Я глубокомысленно закивал, поддерживая суровое, но справедливое предложение.
— Вот она, дачка–то. Смотрите.
За поворотом, чуть ниже уровня шоссе, ярким ковром зеленели густые сады и украшенные немногочисленными башенками разноцветные домики. Водитель свернул на обкатанный проселок и через минуту вырулил в царство тишины и медовых ароматов. Бросалось в глаза, что, кроме декоративного штакетника вдоль дороги да прямых линий шиповника, очерчивающих границы участков (каждый соток по двадцать, не меньше), тут не было заборов. Дачи без заборов — что же это такое? Непривычно как–то.
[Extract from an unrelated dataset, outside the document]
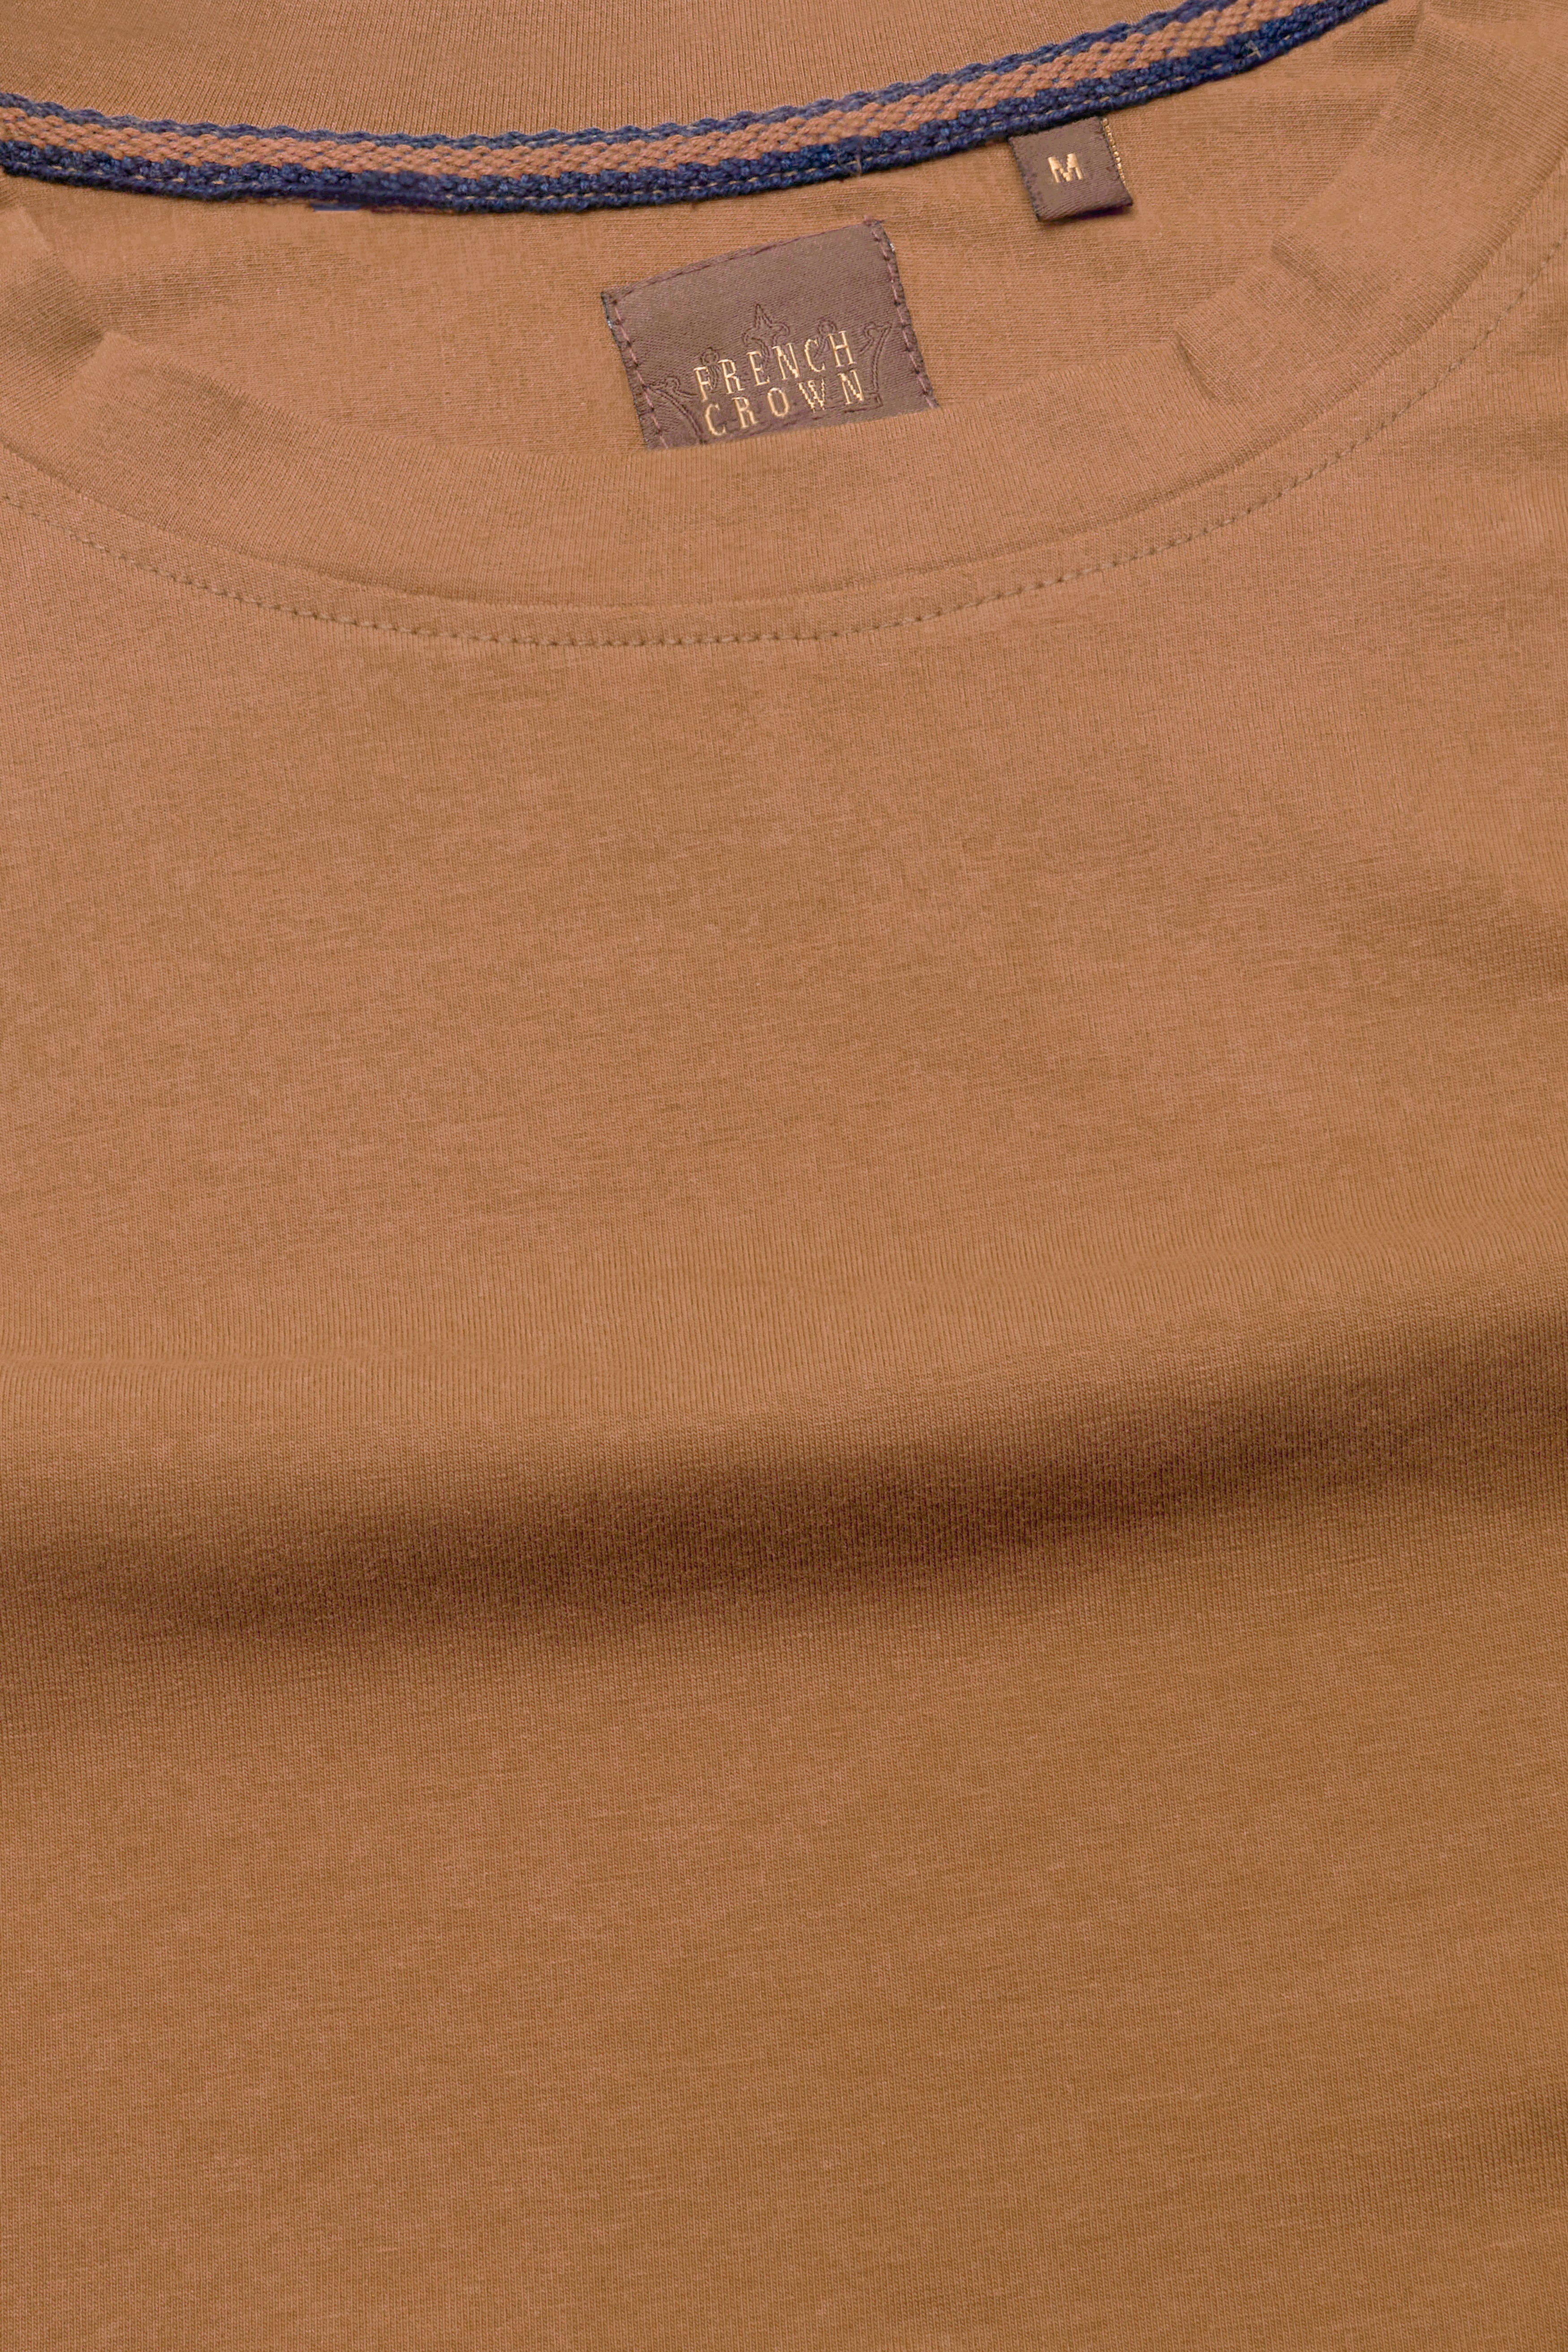 Sepia Brown Printed Premium Cotton Oversized T-shirt TS951-S, TS951-M, TS951-L, TS951-XL, TS951-XXL

Перед одной из дач мы затормозили, водитель пошел открывать ворота (странно и одиноко нависавшие над низеньким штакетником), и мы въехали под брезентовый навес. Что–то мне все это напоминало: и ворота, точно возникшие из воздуха, и навес–гараж, и расположение этих дач, выныривающих из–за поворота навстречу путнику, как мираж, — что–то напоминало детское, милое, незабвенное. Если бы не деревья, не гравий дорожный, не домик, глядящий на нас тесовым крылечком, если бы не человек в шортах, спускающийся с крыльца и машущий нам панамой, если бы не мое паршивое, в общем–то, настроение, я бы, скорее всего, вспомнил. Так остро захотелось вспомнить, догнать, зацепиться крючком памяти за некий проблеск в прошлом. На миг показалось, что это важнее всего — вспомнить, вернуться, отрешиться от происходящей минуты. Но я не вспомнил. Не успел.
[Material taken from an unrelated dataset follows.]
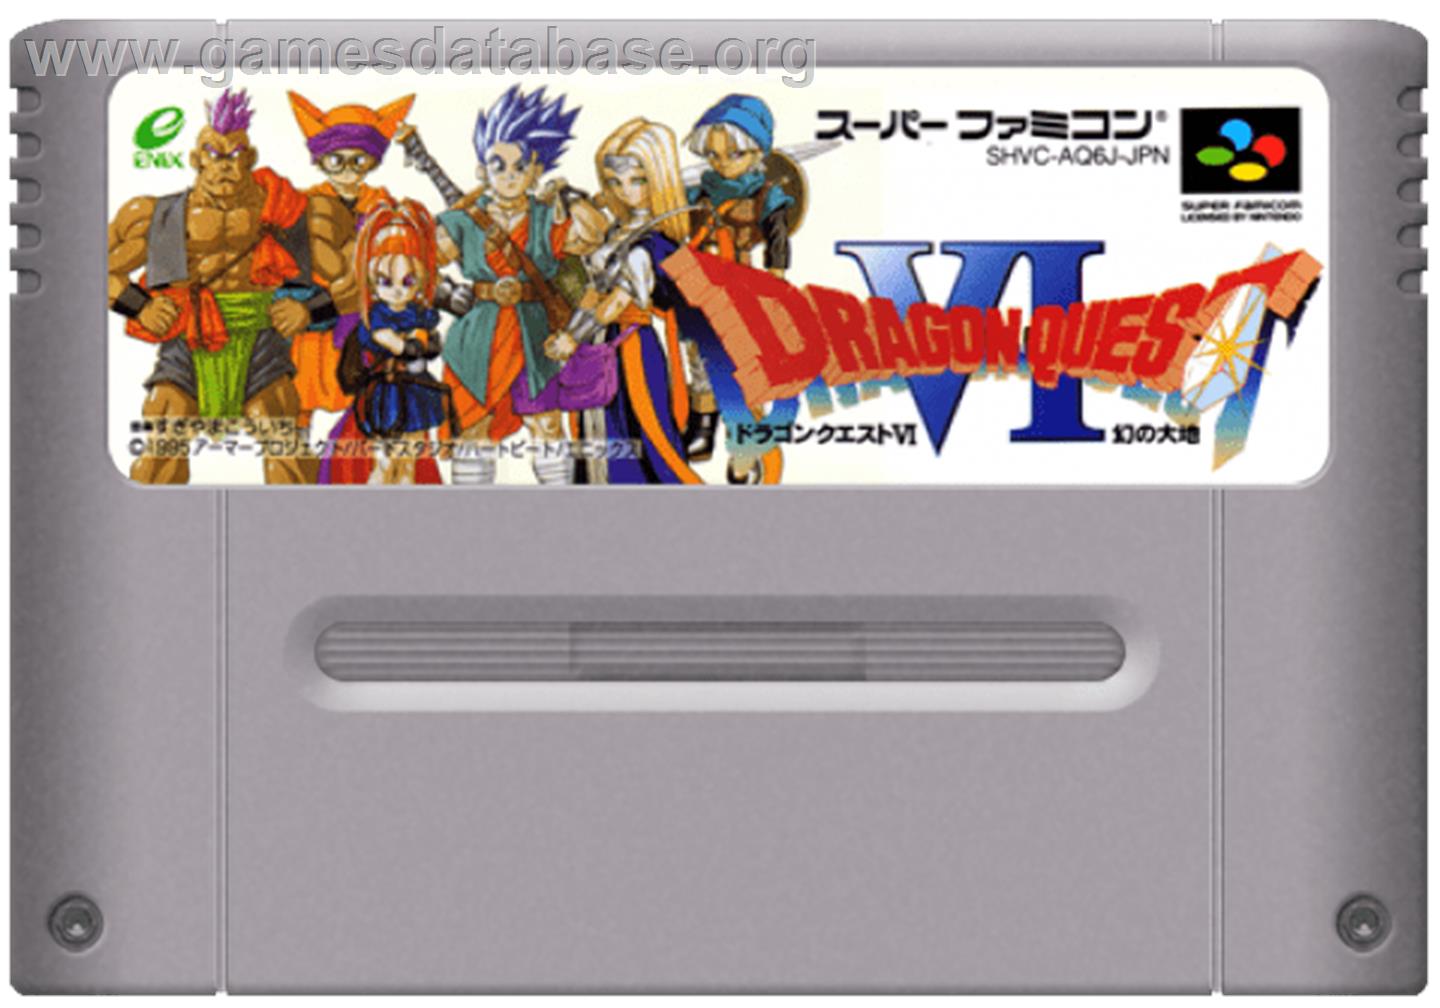 Dragon Quest VI: Maboroshi no Daichi - Nintendo SNES - Artwork - Cartridge

Сам товарищ Никорук спешил к нам, издавая приветственные возгласы, размахивая панамой. Он кричал: «Привет, московский гость! Привет, дорогой коллега!» — и, пожимая его мощную, властную руку, я сразу почувствовал: вот человек из тех, которые твердо знают, чего хотят. Из–под белесых густых бровей смеялись глаза, в которых не было ничего двоедушного, а была одна лишь торжествующая уверенность, что случилось — сошлись наконец два хороших человека, необходимых друг другу.